A parameter-space curve is always associated with a surface, that maps the parameter-space image into 3D real space (object space); therefore, the two mappings together can be considered to be a single mapping from a real interval into object space. Most of the properties of a parameter-space curve relate in fact to this combined mapping.

If the two ends of the curve are different in object space, the curve is open. If they are the same, it is closed. If the curve joins itself smoothly, the curve is periodic, with its period being the length of the interval that it is primarily defined. A periodic curve is defined for all parameter values, by adding a multiple of the period to the parameter value so the result is within the definition interval, and evaluating the curve at that resultant parameter. The point at the ends of the primary interval is known as the seam. If the surface is periodic, a closed or periodic parameter-space curve cannot in fact be closed in parameter space, but its end values can differ by the surface parameter period in one or both directions.

Also, a parameter-space curve is always associated with an object-space curve lying in (or fitted to) the surface. This curve is used to assist in the determining of the surface parameter values corresponding to object-space points on the 3D curve, by using the parameter value on the 3D curve to evaluate the 2D curve for an approximation to the surface parameter values for iterative refinement. For this reason, a parameter-space curve must always have the same parameter range as its associated object-space curve, and its internal parameterization must be similar, though not necessarily identical, to that of the object-space curve. A parameter-space curve can have the same sense as its associated object-space curve, or be opposite. In the latter case, the parameterization is negated one to the other.

In general, it is not necessary to have u or v continuity between two pcurves on a periodic face or on a singular face, because evaluation of a parameter value outside the parameter range is mapped back into the evaluation range by adding or subtracting the period from the parameter value to be evaluated (periodic face), or by adding or subtracting the parameter value changes while the actual 3-space location is coincident (singular face).

In the case of a spline converted sphere, face 0 ranges from u = -pi/2 to pi/2 and v = 0 to pi; face 1 ranges from u = -pi/2 to pi/2 and v = pi to 2*pi.

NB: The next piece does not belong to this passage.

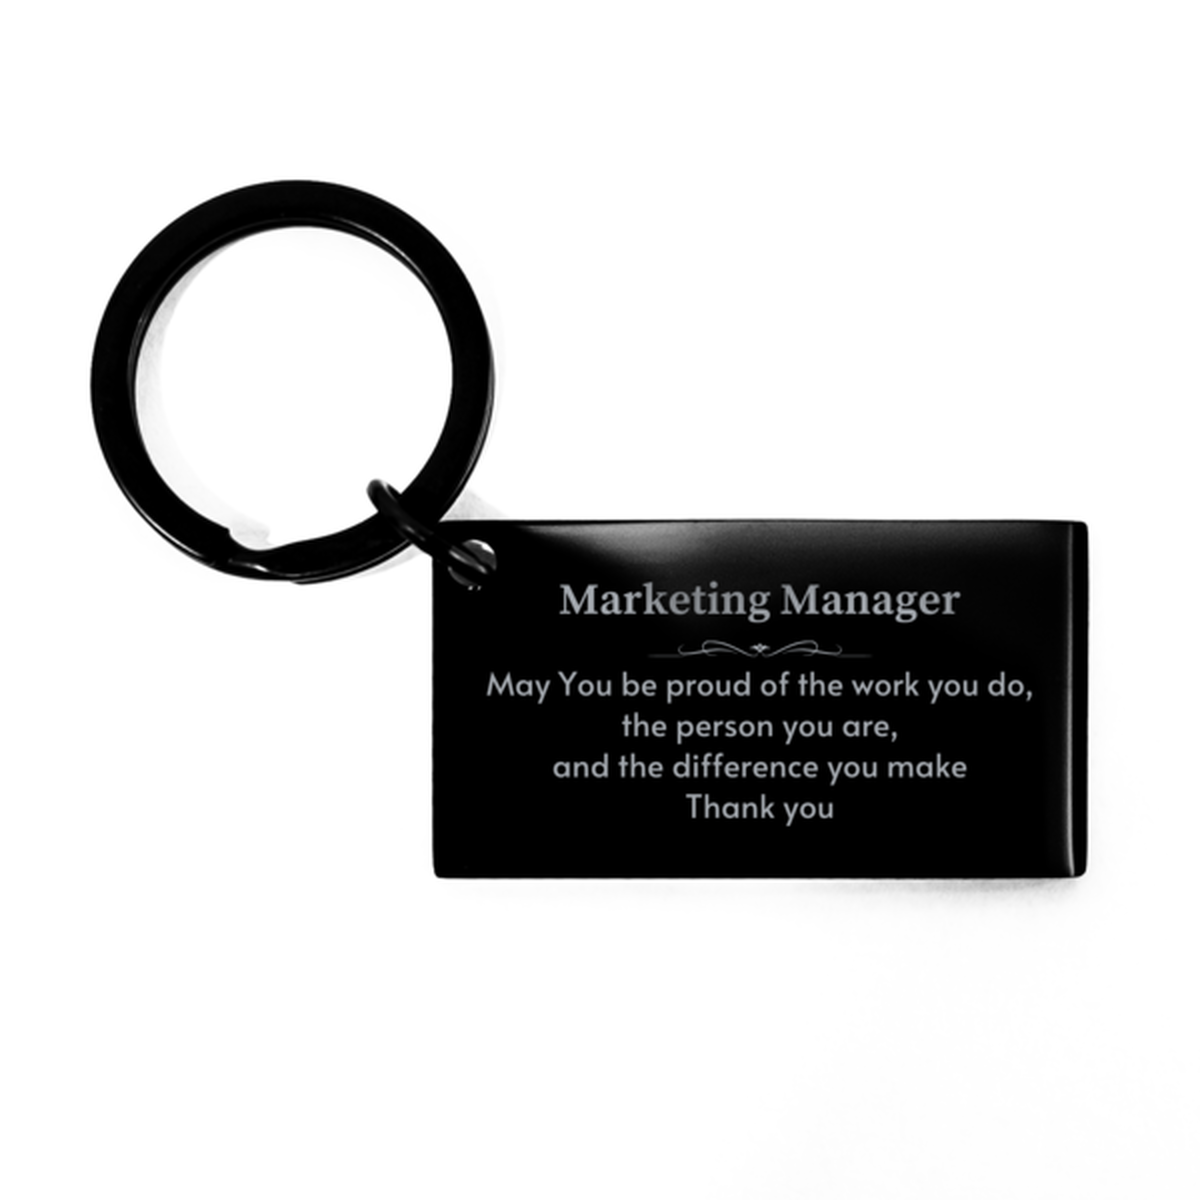 Heartwarming Keychain Retirement Coworkers Gifts for Marketing Manager, Office Clerk May You be proud of the work you do, the person you are Gifts for Boss Men Women Friends

Coedges 0 and 2 belong to face 0, so their param ranges should match the corresponding face param ranges. Coedge 0 has param values: u = -pi/2 to pi/2 and v = 0. Coedge 2 has param values: u = pi/2 to -pi/2 and v = pi.

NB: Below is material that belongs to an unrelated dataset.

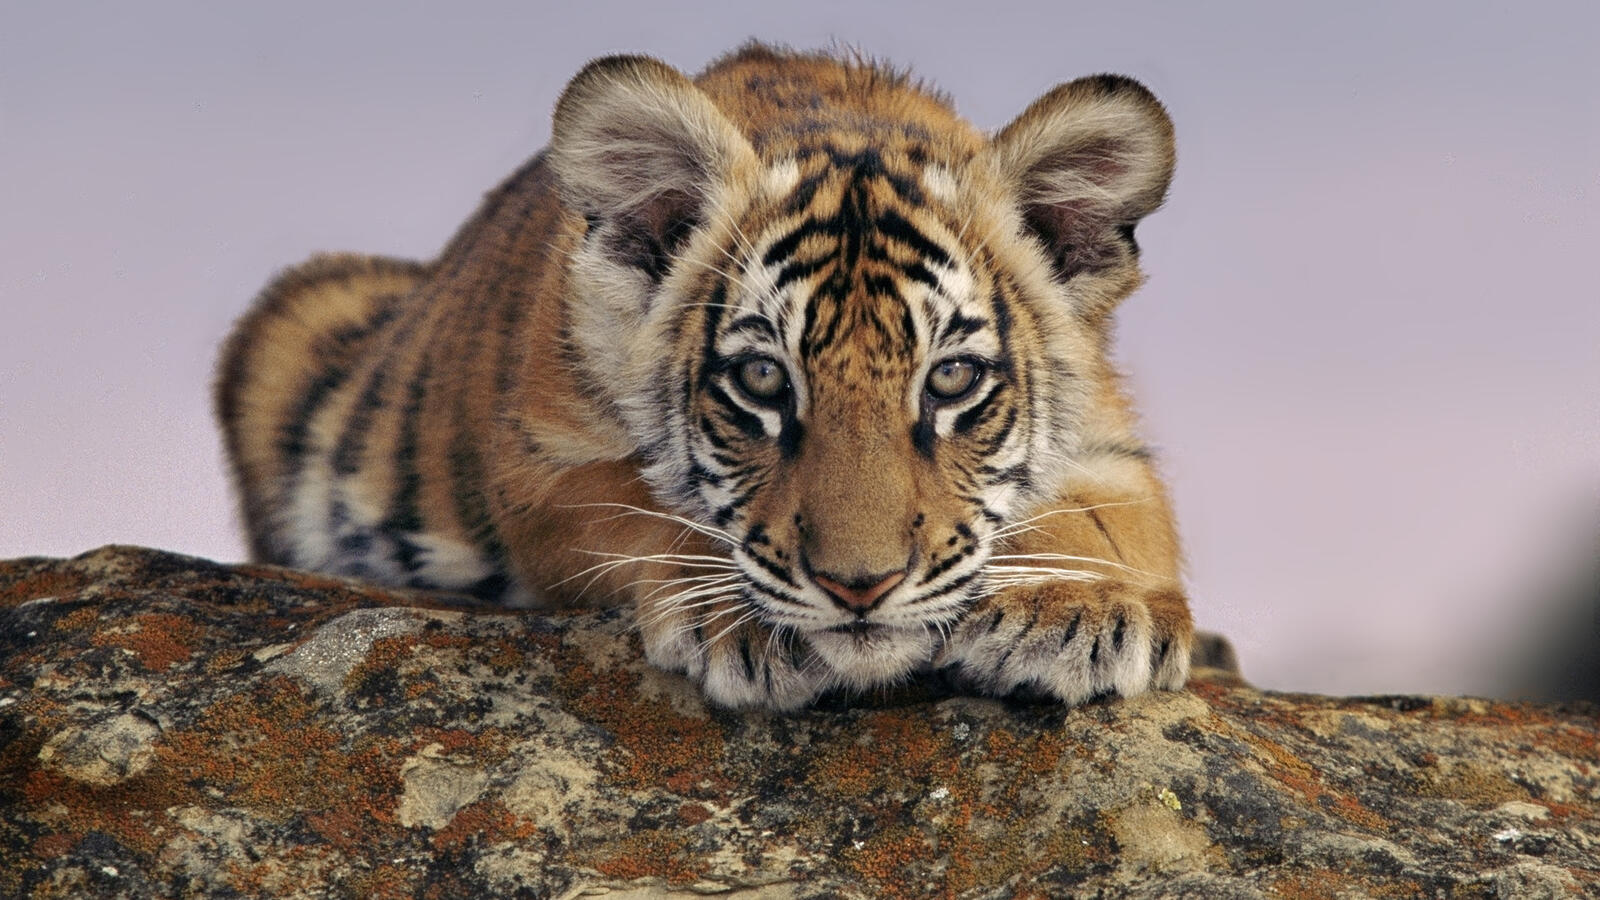 Wallpapers tiger cub small ears on the desktop

The param values are correct, because Coedge 0 travels from top vertex to bottom vertex, and Coedge 2 travels from bottom vertex to top vertex on the sphere; as a result, u values are continuous (-pi/2 to pi/2 and pi/2 to -pi/2) moving along Coedge 0, onto Coedge 2, and along Coedge 2. For the V direction (since face 0 is singular in v), v ranges from 0 to pi along both singular poles of the hemispherical face, so v value may be any value between 0 and pi for the given u param values, and should still evaluate to the same 3-space point; at u = -pi/2 or u = pi/2, all v values map to (0, 0, 20) and (0, 0, -20) respectively. Since the pcurves map to surface param values, they could use any value at endpoints. However, since pcurve 0 must travel along entire edge of face 0, the v value must be pi along the entire length of pcurve 0 (only valid value at u values not at singularity points in v). Similarly, pcurve 2 must have v value of 0 along entire length of pcurve 2. Transition from pcurve 0 to pcurve 2 is, then, continuous in u, and discontinuous in v, but discontinuity in v matches singularity in v at poles of hemispherical face 0; in addition, evaluation of any value of v (0 to pi) at poles gives correct 3-space position. Similar discussion results if data for Coedge 1 and 3 is examined.

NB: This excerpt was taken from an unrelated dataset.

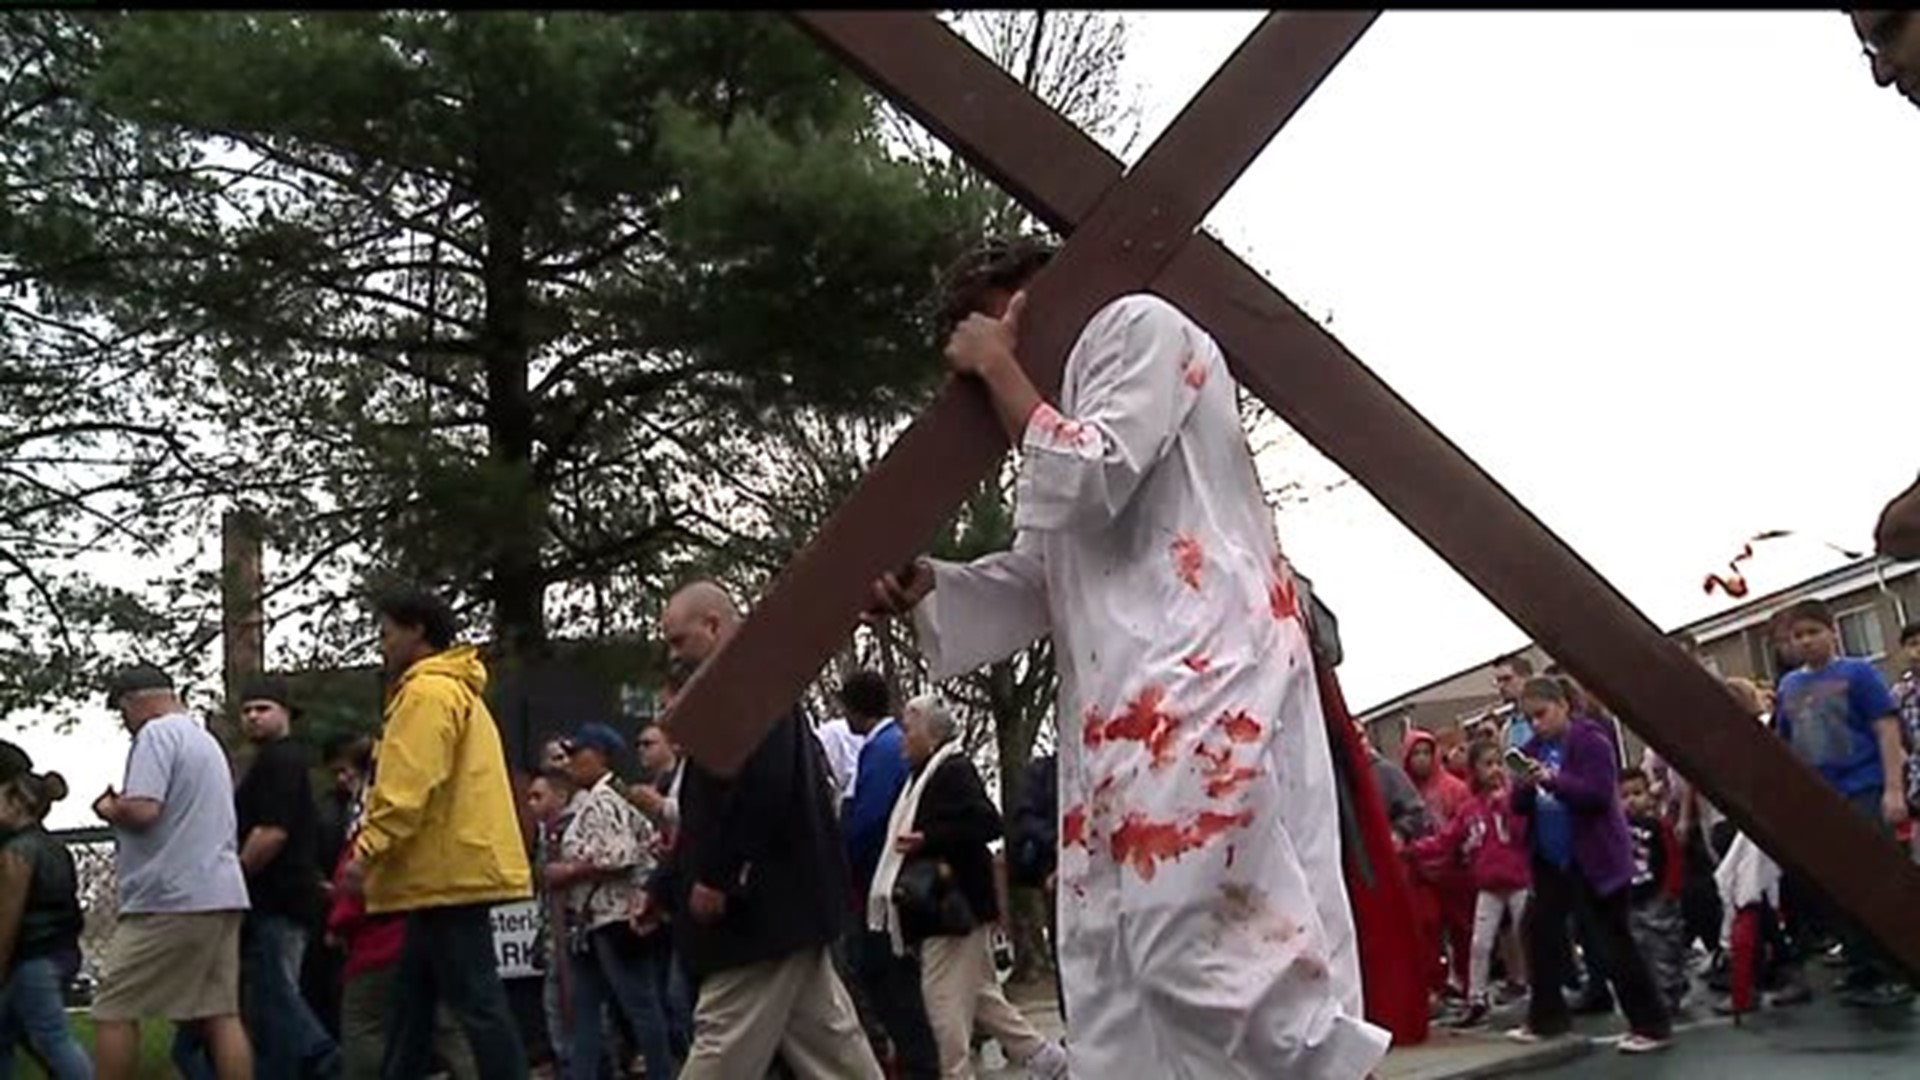 Local church brings Stations of the Cross to Lancaster city streets in honor of Good Friday

A pcurve consists of pointer to a par_cur that holds the data defining the 2D parameter space curve and a logical flag indicating reversal of the pcurve from the underlying spline curve. In addition, a parameter space vector is stored that represents the displacement of this pcurve in the parameter space of the surface the pcurve lies in. By having a nonzero vector for a periodic surface, a continuous sequence of object space curves (3D curves) can have a continuous sequence of parameter space curves (2D curves).

The par_cur in turn consists of a pointer to a bs2_curve (a 2D spline curve), a fitting tolerance, and a pointer to the surface where the parameter space curve lies.

References:

KERN

par_cur

by KERN

BDY_GEOM_CIRCLE, BDY_GEOM_PCURVE, PCURVE, exp_par_cur, imp_par_cur, law_par_cur, par_cur, par_int_interp, pcur_int_cur, pcurve_law_data, skin_spl_sur, stripc, surf_surf_int

BASE

SPApar_vec

Constructor:

public: pcurve::pcurve ();

C++ allocation constructor requests memory for this object but does not populate it.

public: pcurve::pcurve (

law*,

// law

double,

// start parameter

double,

// end parameter

surface const&,

// surface

double

// fit tolerance

= SPAresabs,

bs2_curve

// underlying curve

= NULL

);

C++ allocation constructor requests memory for this object but does not populate it.

public: pcurve::pcurve (

bs2_curve,

// underlying bs2 curve

double,

// parameter

surface const&,

// surface

int

// knots on curve

= -1,

// default is unknown

int

// bs2_curve hull

= -1,

// contains true curve

int

// hull angles ok

= -1,

// default is unknown

int

// hull self intersects

= -1

// default is unknown

);

C++ initialize constructor requests memory for this object and populates it with the data supplied as arguments.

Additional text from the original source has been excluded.